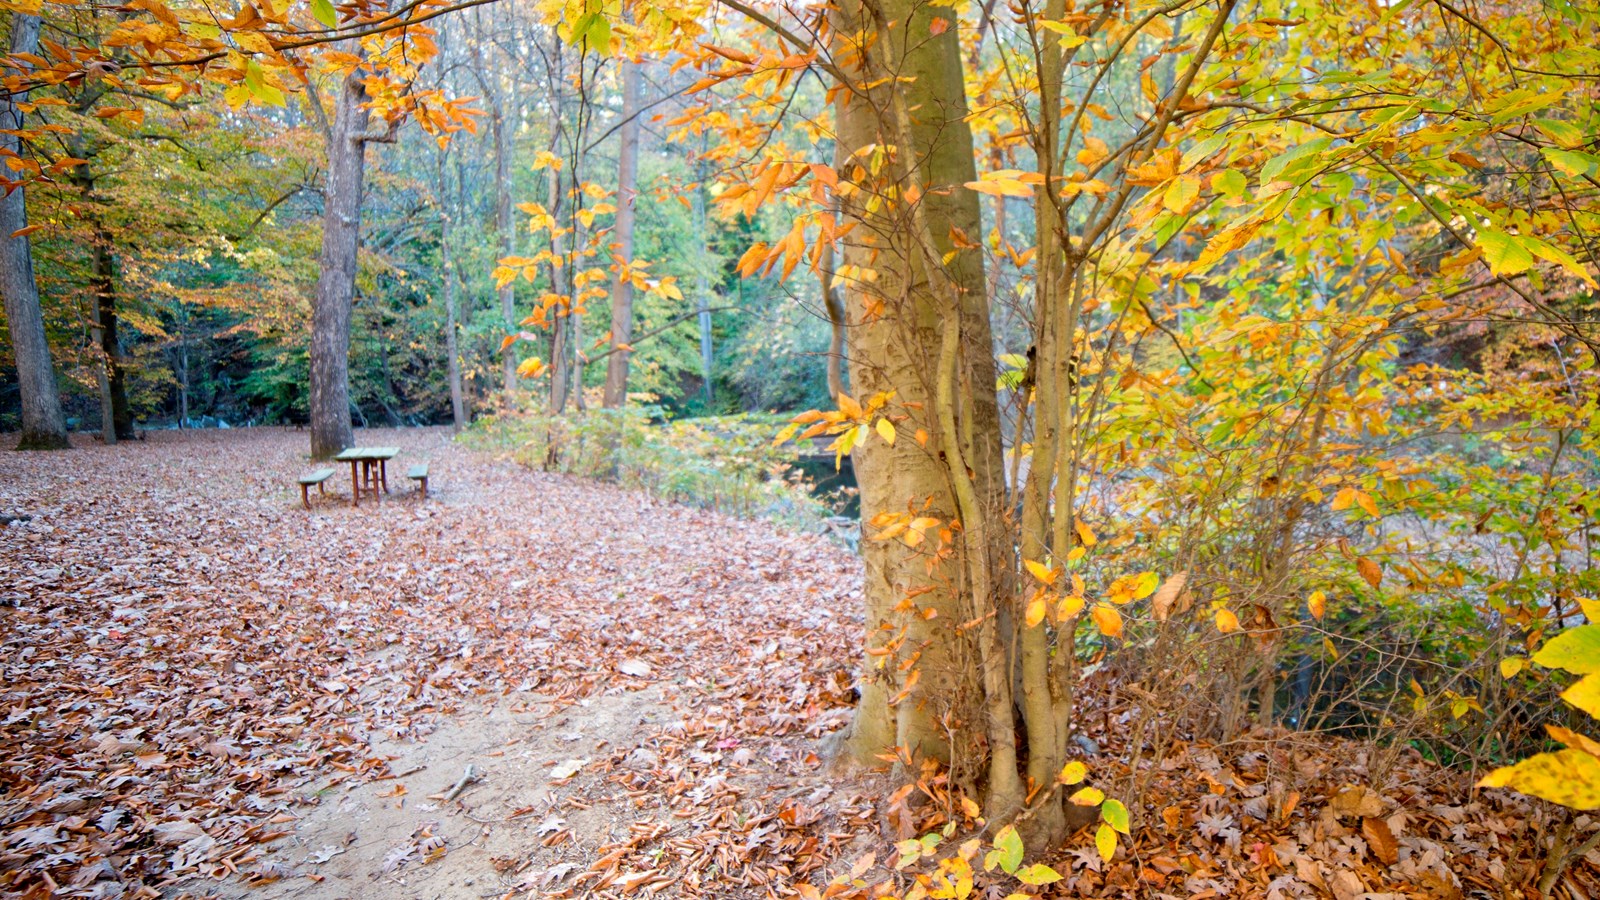 A picnic table next to the creek beneath yellowed fall leaves.
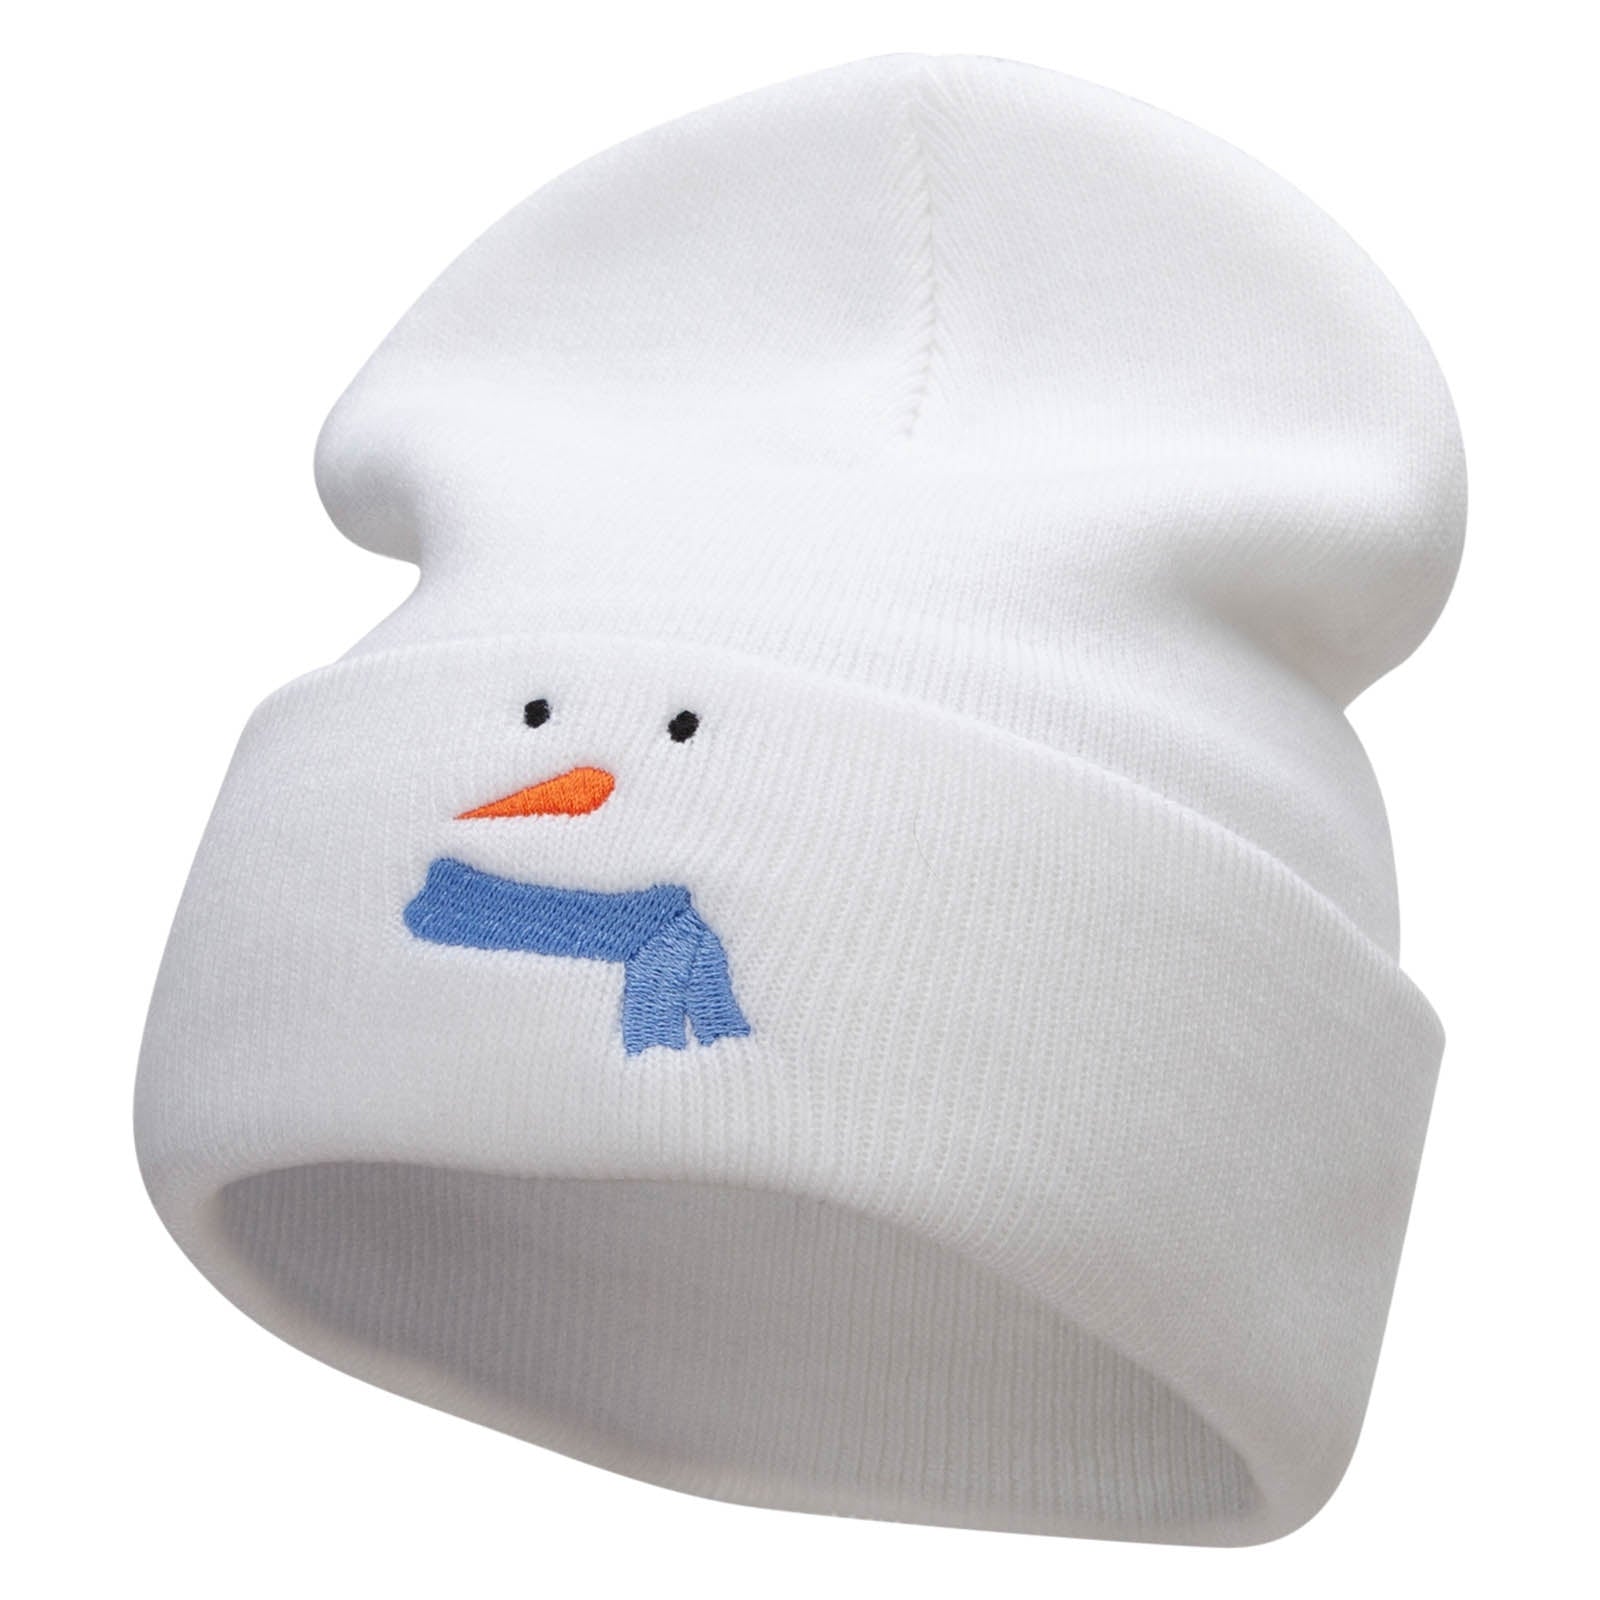 Minimal Snowman Embroidered 12 Inch Long Knitted Beanie - White OSFM
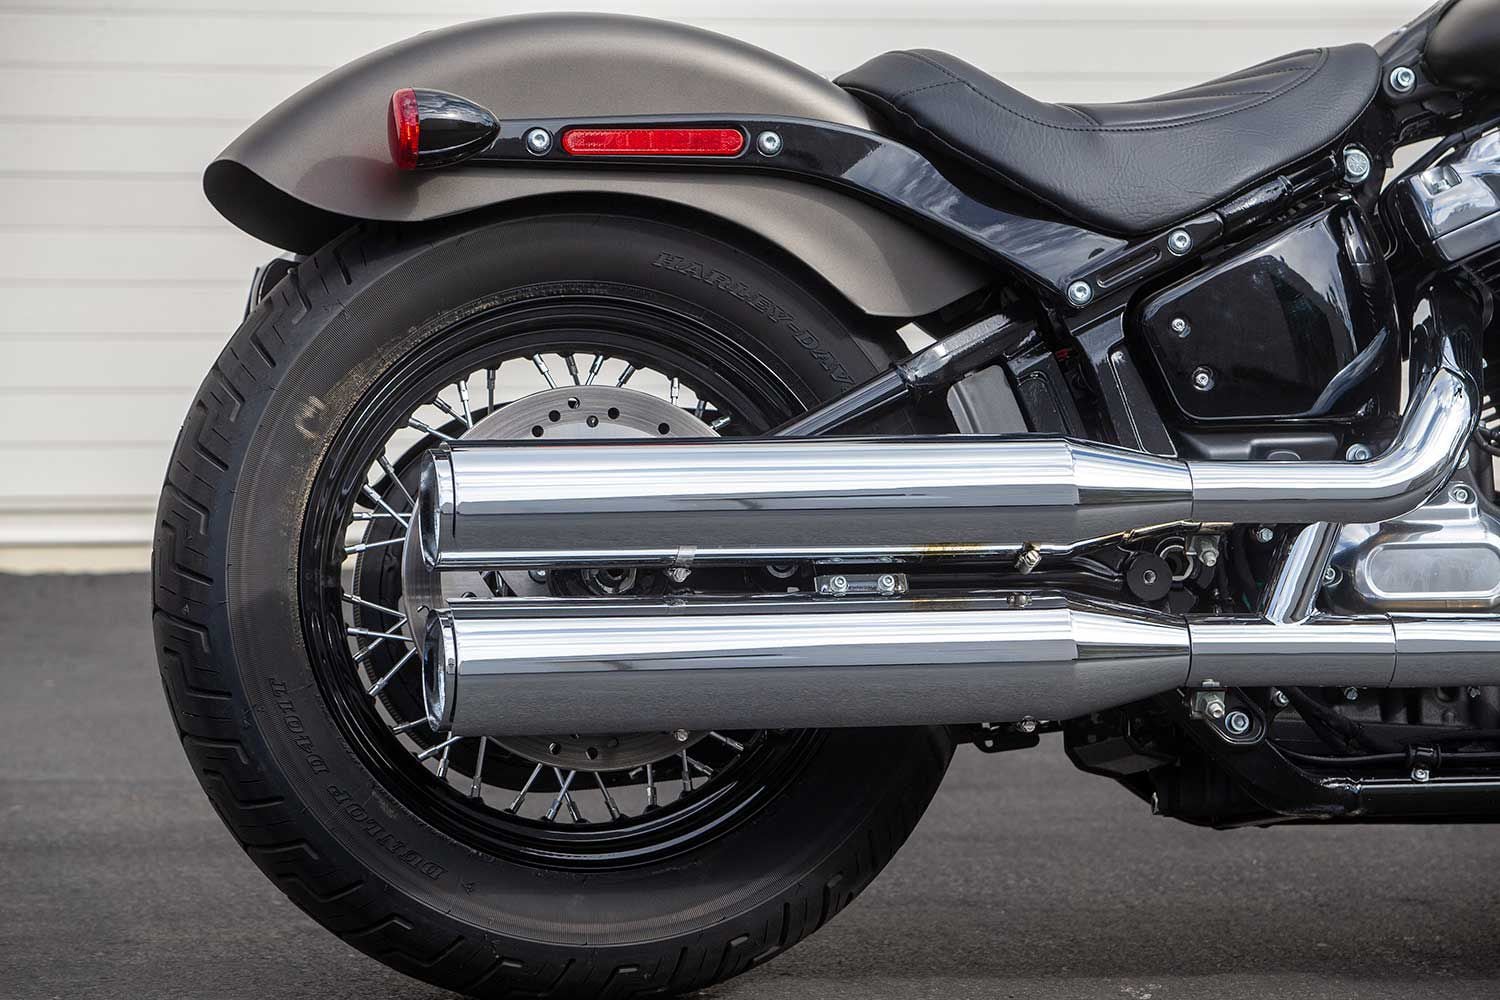 A beautiful 2-into-2 exhaust adds to the premium quality of the Softail Slim, while letting out a throaty V-twin rumble.

## WORK ITEM
Without including any picture, reproduce all of the material exactly.

## SOLUTION TO THIS EXERCISE
 A picnic table next to the creek beneath yellowed fall leaves.
 Minimal Snowman Embroidered 12 Inch Long Knitted Beanie - White OSFM
 A beautiful 2-into-2 exhaust adds to the premium quality of the Softail Slim, while letting out a throaty V-twin rumble.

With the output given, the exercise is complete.